Rodrigo Fresán: No pensé en términos antiguo-testamentarios, la verdad. Es una buena pregunta. Si vamos a hacer una lectura judaica, en realidad todos los personajes son Job, me parece. [Risas]
FT: ¿Cuál es tu frase favorita de Estrella distante que homenajea la tercera parte de la novela?
RF: Bolaño dice “esta es mi última transmisión en el planeta de los monstruos” y al final de El fondo del cielo esta frase aparece negada. Es una frase que siempre me gustó mucho.
FT:¿Qué implicó para vos y para la redacción de tu última novela que la misma fuera escrita entre las muertes de muchas de tus musas: Vonnegut, Foster Wallace, Ballard?

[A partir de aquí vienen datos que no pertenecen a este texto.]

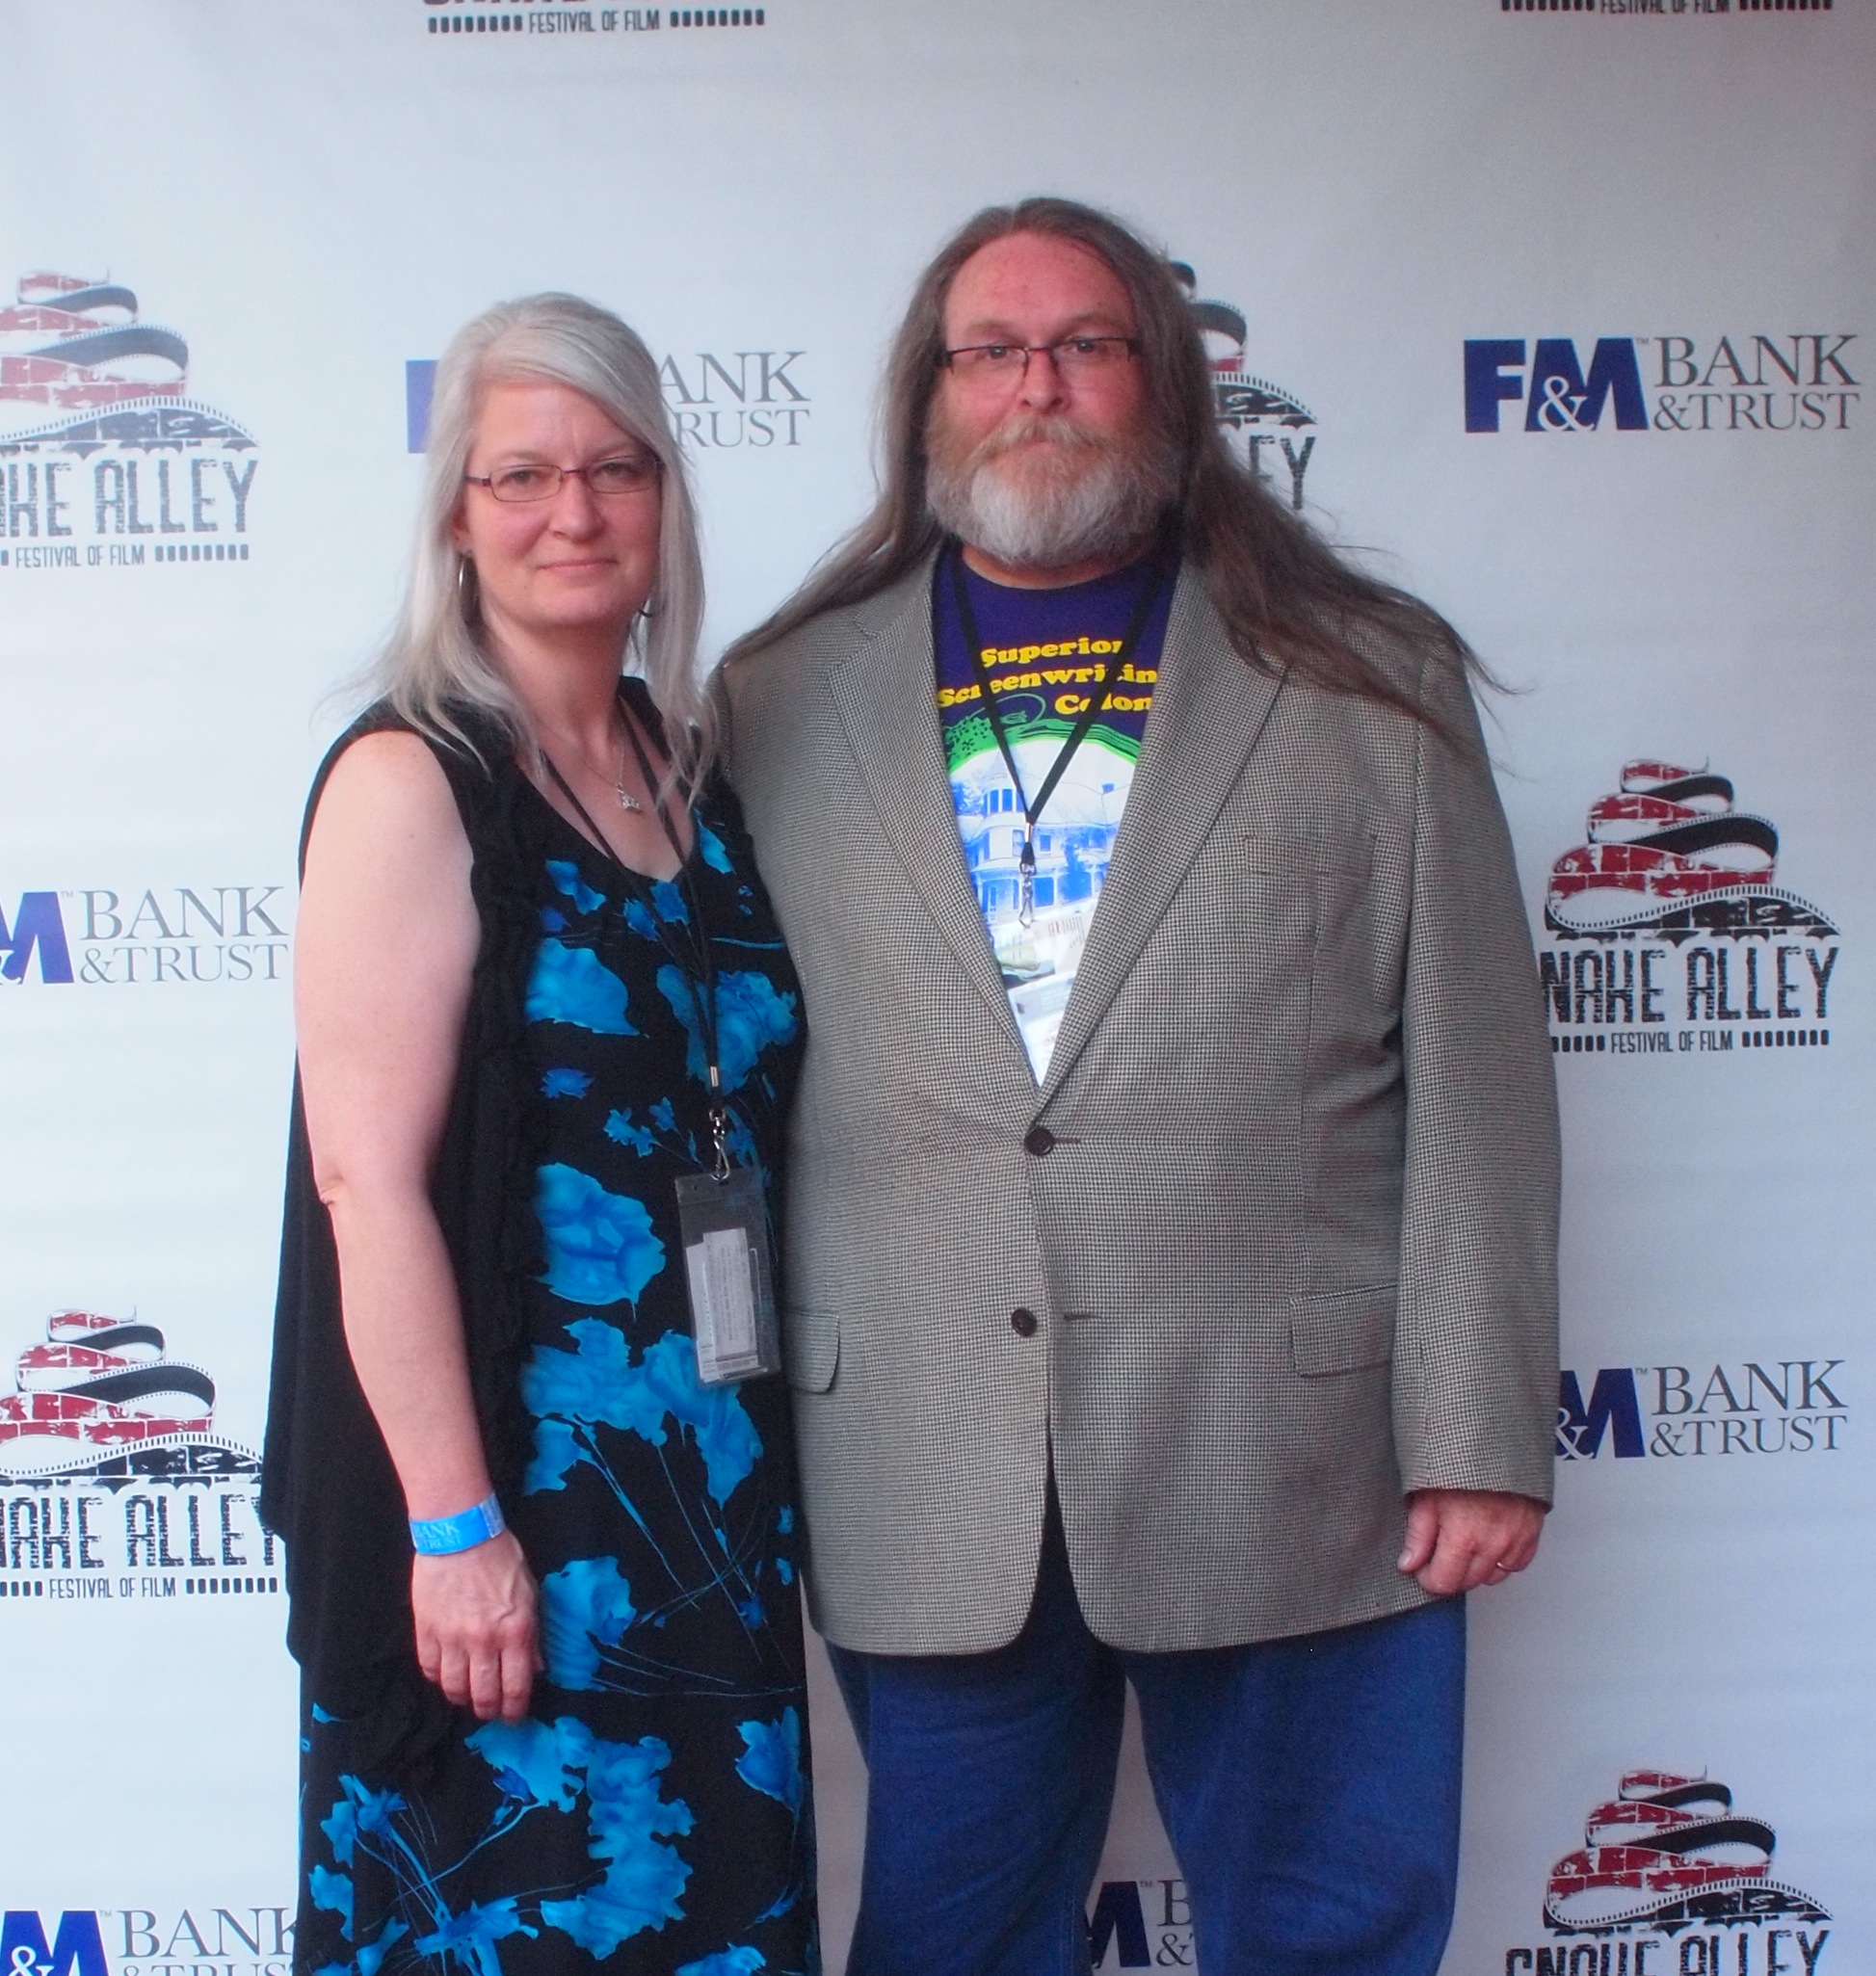 With Kathy on the red carpet at the 2013 Snake Alley Festival of Film

RF: Sería muy egoísta pensar que es algo así como “bueno, sigue tú, muchacho” [Risas]. No, me entristeció, me pareció un poco raro. De todas maneras es cierto que sucedió lo mismo con la muerte de Philip K. Dick y con Andy Warhol, también dos grandes visionarios: todos se murieron en el momento en el que el mundo empezaba a parecerse demasiado a sus visiones.

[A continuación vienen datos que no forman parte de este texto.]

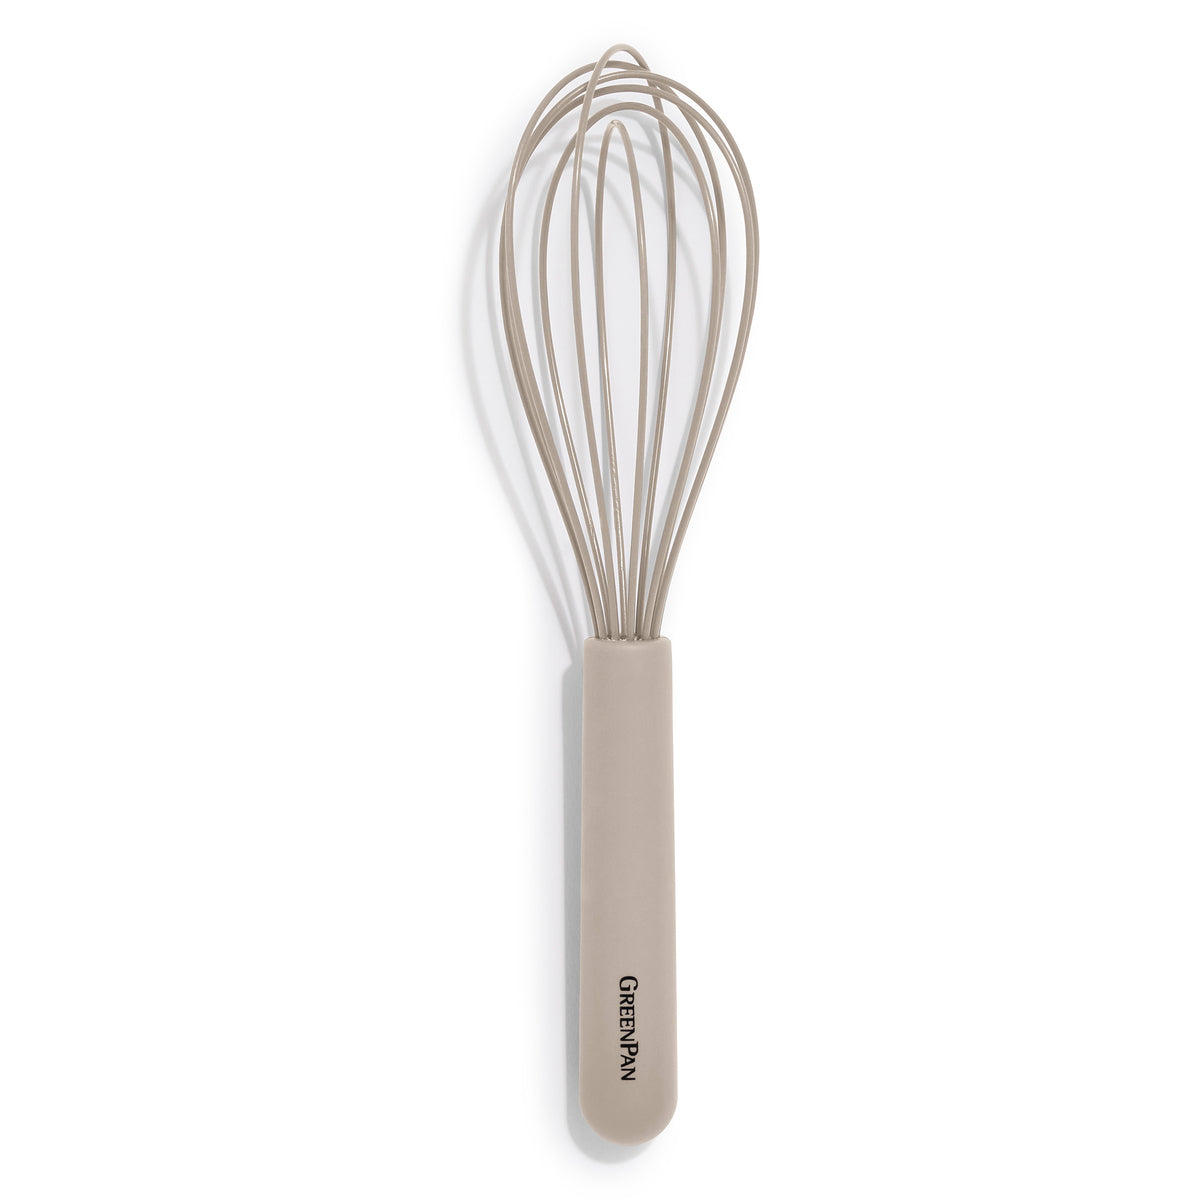 Triones Plastic Whisk, Small, Green

Yo era un gran fan, bueno, en realidad era un gran yonqui [Risas] de las dos o tres primeras temporadas de Gran Hermano en España. Luego me cansé. Creo que acá es el único lugar en donde se sigue emitiendo con éxito. El otro día, en un hotel de Madrid, me fijé a ver qué hacían ahora, en esta temporada. Era increíble. Ahora tienen dos casas, una debajo de la otra. Los participantes no saben que tienen vecinos, entonces sospechan que hay como otra dimensión donde la estarán pasando mejor que ellos. Como lo vi en un momento de ensueño, pensaba que lo había soñado. Pero parece que fue cierto: se abre una puerta y entra una tribu completa de papúas semidesnudos que empezaban a aullar, los participantes estaban aterrorizados porque pensaban que se los iban a comer. Muy raro. Ahí están Foster Wallace, Ballard y Vonnegut, los tres juntitos, en una misma noche y una misma pantalla.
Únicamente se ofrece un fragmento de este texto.